**EXERCISE OBJECTIVE**
From the listing below, restate word for word the lines from the line containing "A fun coloring book with a musical theme" down through the line containing "Single Pink And". Exclude pictures.

**SOURCE RECORDS**
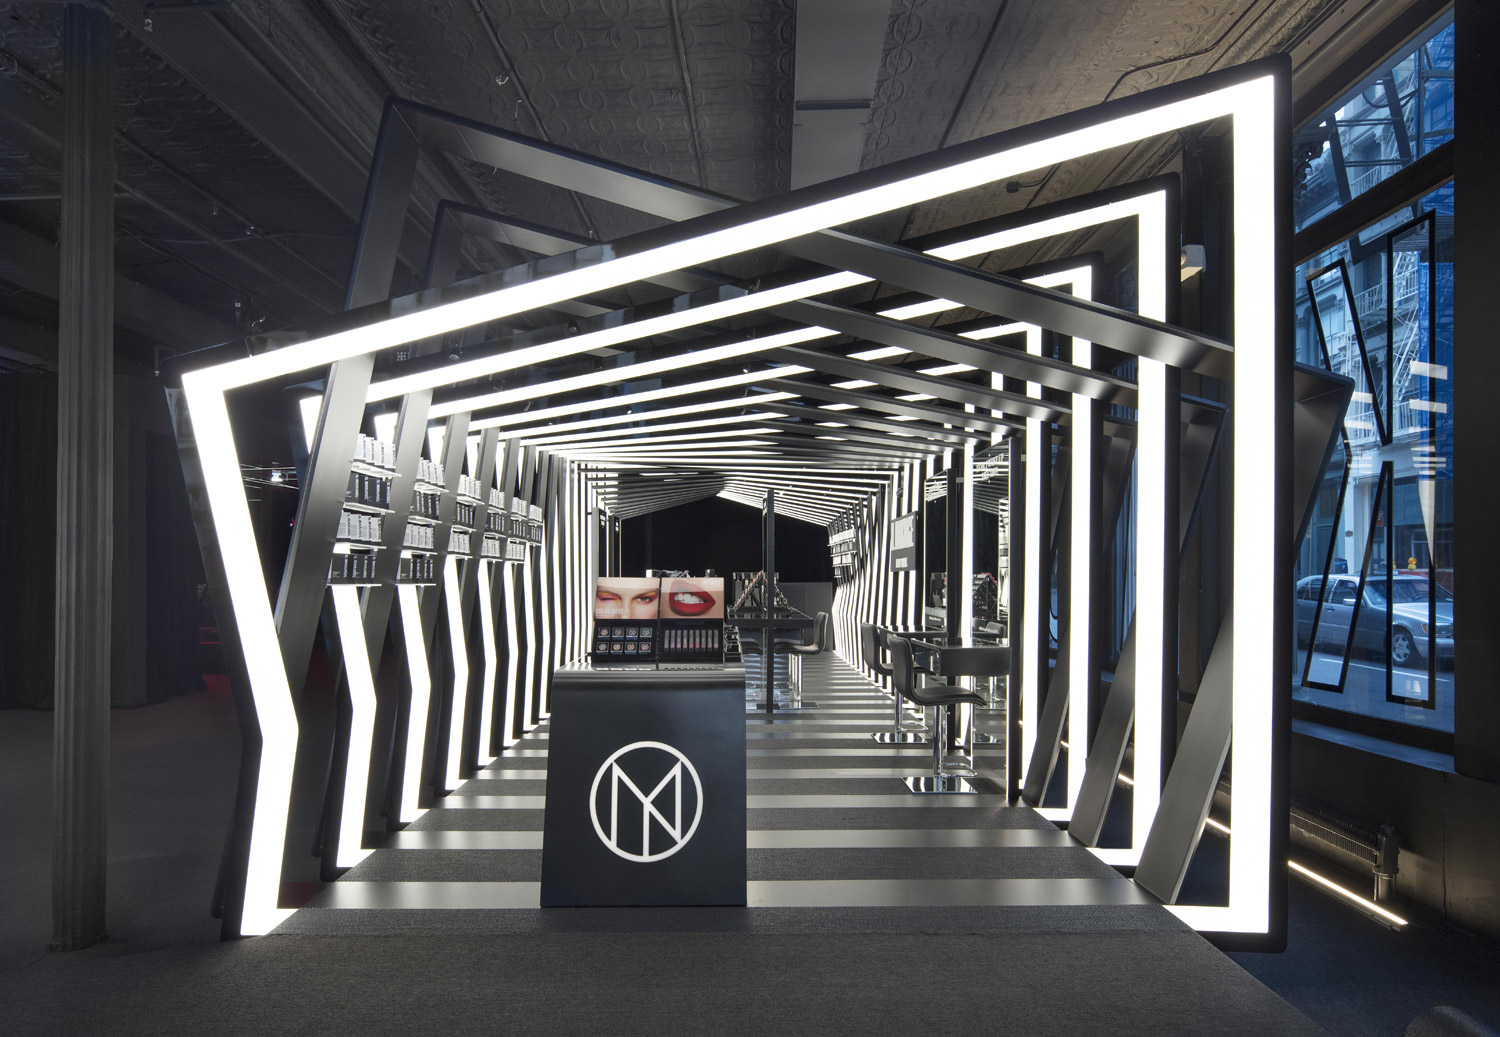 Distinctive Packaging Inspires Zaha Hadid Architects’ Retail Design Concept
...
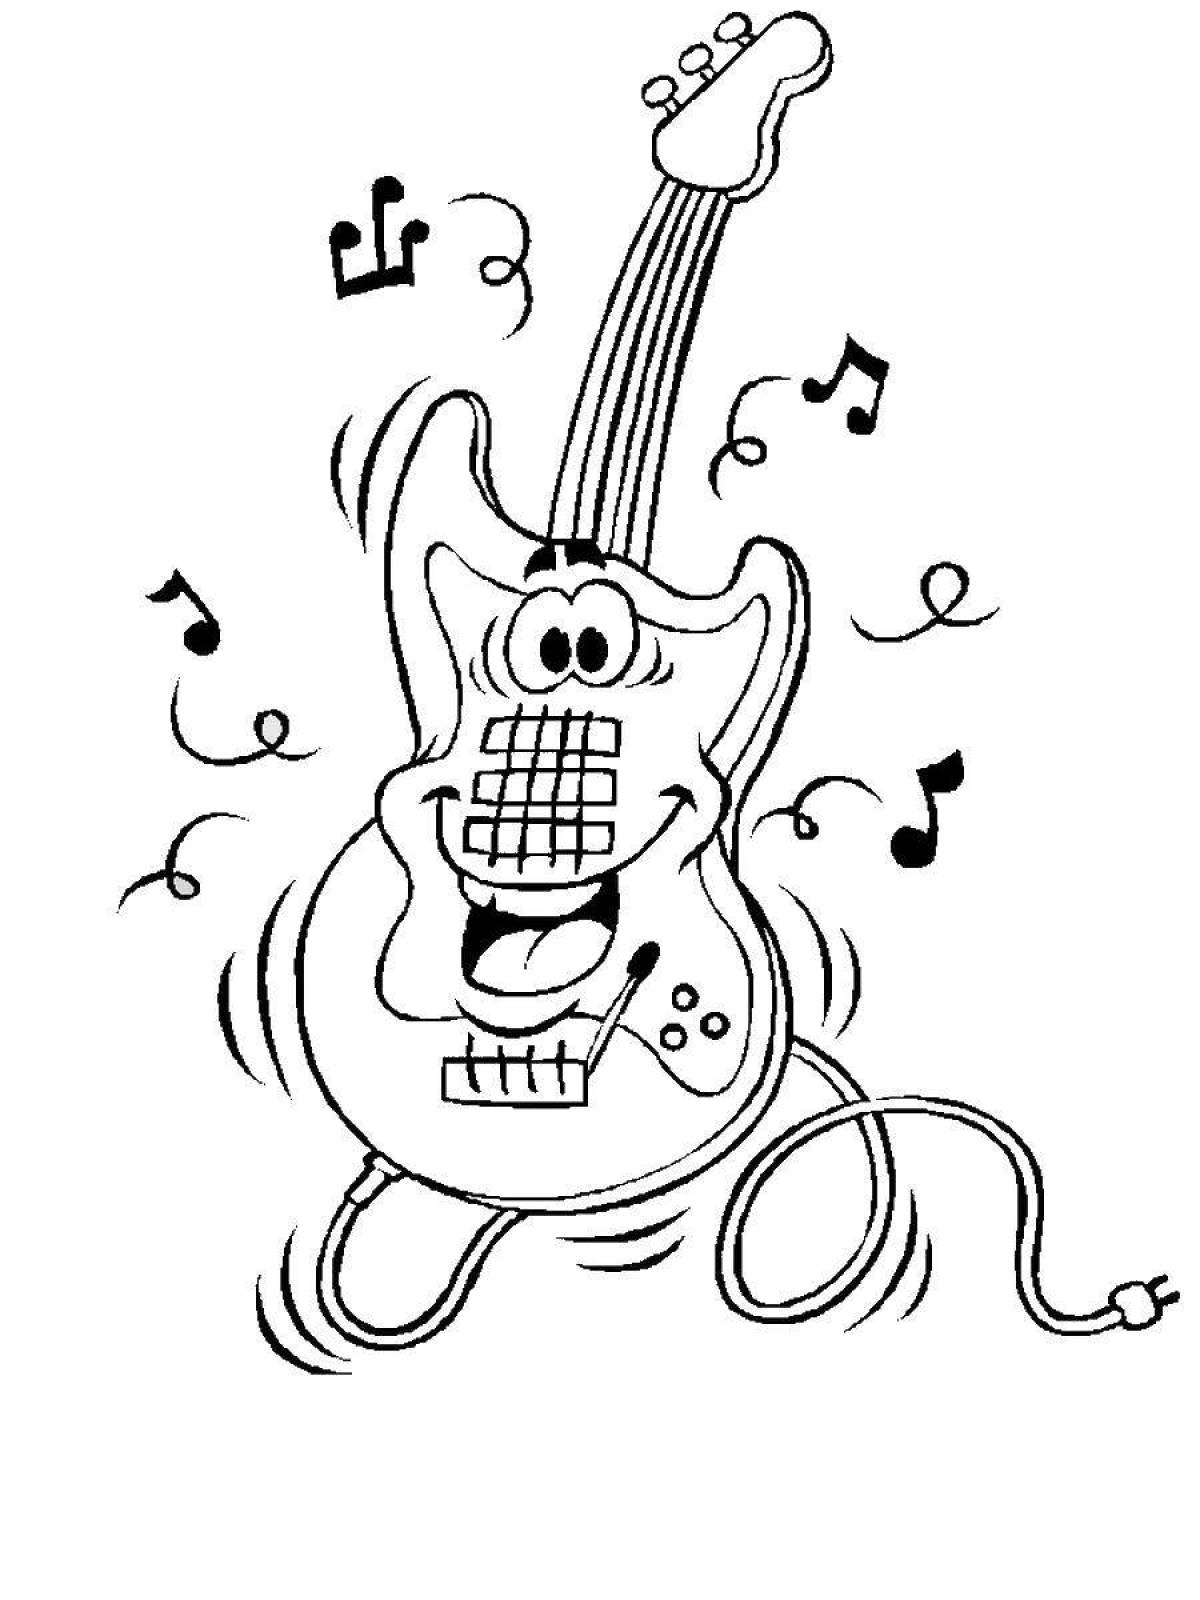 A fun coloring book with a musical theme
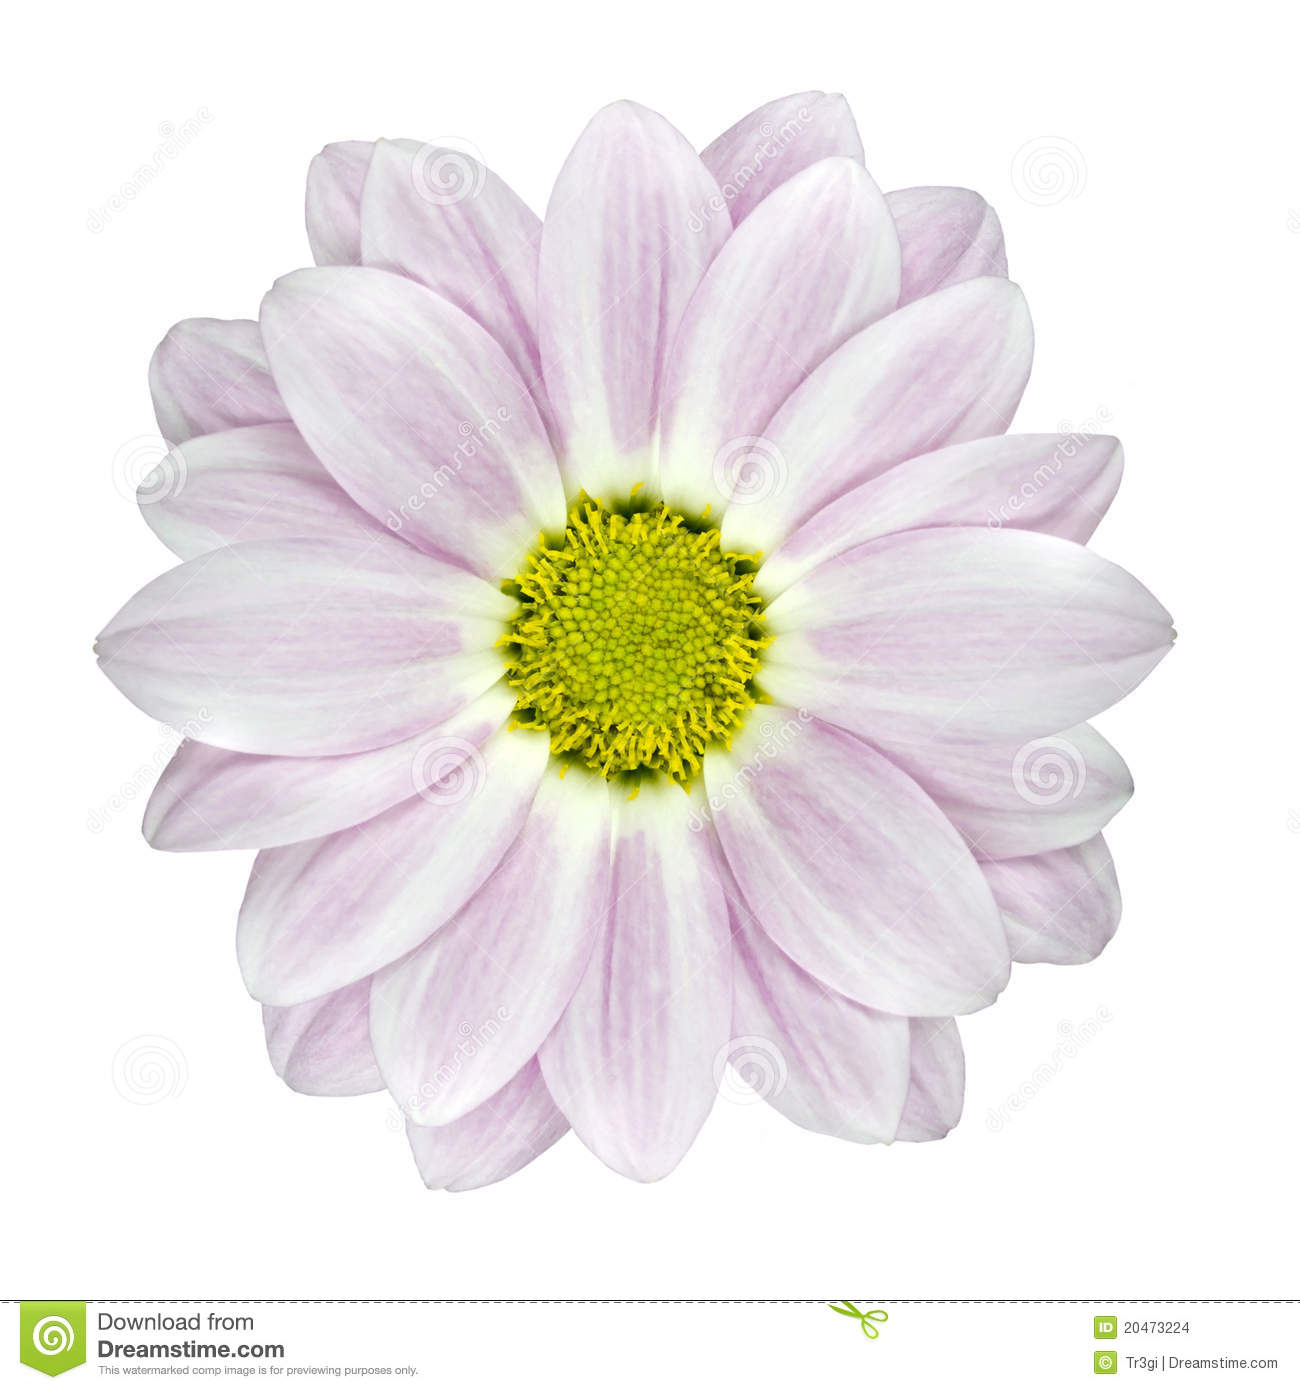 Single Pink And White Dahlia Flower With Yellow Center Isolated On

**THE ANSWER**
 A fun coloring book with a musical theme
 Single Pink And White Dahlia Flower With Yellow Center Isolated On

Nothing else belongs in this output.